At the first meeting of the Critics Institute, a play was read, and received a negative reaction from one of the critics. This angered the playwright, because he felt his play had been misunderstood. The playwright was also bothered by the fact that Sullivan was taking notes, for his next-day column in The New York Times. In that column, Sullivan would include a description of the critical reactions to the play.

The next session of that inaugural meeting of the Critics Institute involved a different playwright; and it began with the playwright pulling out a gun, pointing it at Sullivan and his fellow critics, and saying that he was "ready for them". This was meant as a joke, though no one laughed. At the end of the 1968 conference the playwrights were united in opposition the inclusion of critics. Things improved as the conference continued to develop and learn, and the Critics Institute was not alone in encountering fraught relationships among the various disciplines in the conference setting. Sullivan was the director of the Critics Institute from 1999 to 2013.

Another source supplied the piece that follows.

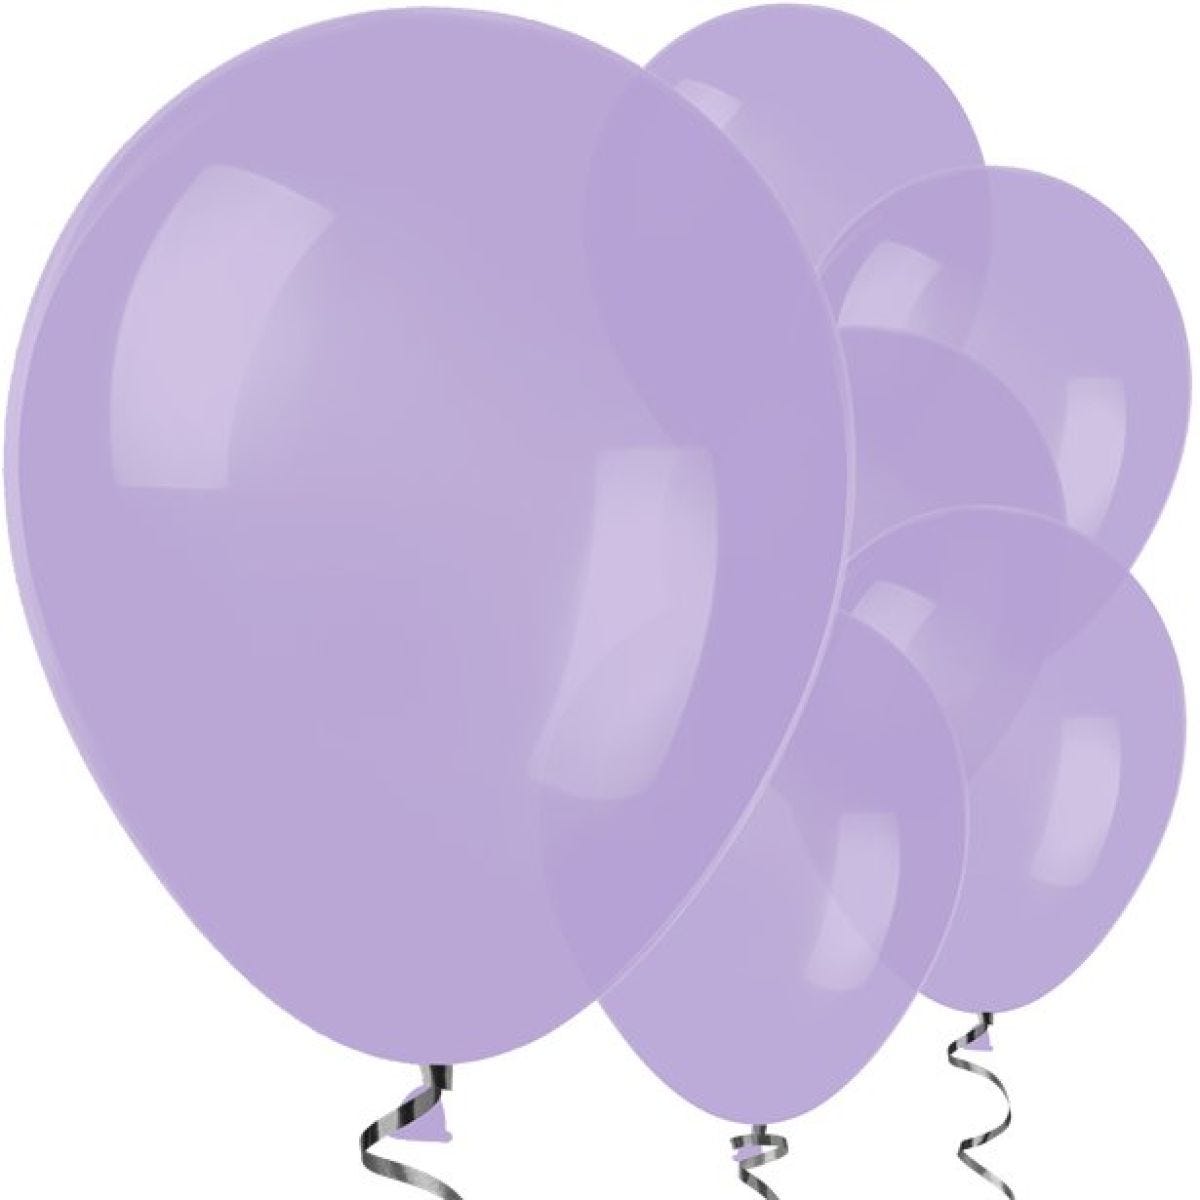 Lilac Balloons - 12" Latex Balloons

Sullivan co-founded the American Theater Critics Association, and created the organization's statement of purpose: To increase communication among American theater critics, to encourage freedom of expression in the theater and theater criticism, to advance the standards of theater by advancing the standard of theater criticism, to increase public awareness of the theater as an important nation resource, and to "reaffirm the individual critic's right to disagree with his colleagues on all matters including the above". Speaking to the association in 1998, Sullivan said:

I do not believe in pussy willow criticism. The motto of the theater is not "darling, you were wonderful"…If it entails saying no, firmly, that's the job. But I do think it's wise to avoid the gleeful tone of an avenger grinding his enemy, the actor, into the dust…Don't come off as a person whose basic joy is to inflict pain. You don't need to be loved by theater people, but you want to be respected…When it comes to fraternization, aka sleeping with the enemy, there's no right answer. It depends on temperament. Independence is the most important thing for a critic. I remember Brooks Atkinson's rule: "don't go out drinking with John Barrymore." Avoid doing lunches with directors who want to share their "concept" of the piece. It can be too much information. You just want to see the play, and let it happen to you. You're not a collaborator.

Sullivan taught arts reviewing and reporting at the University of Minnesota School of Journalism.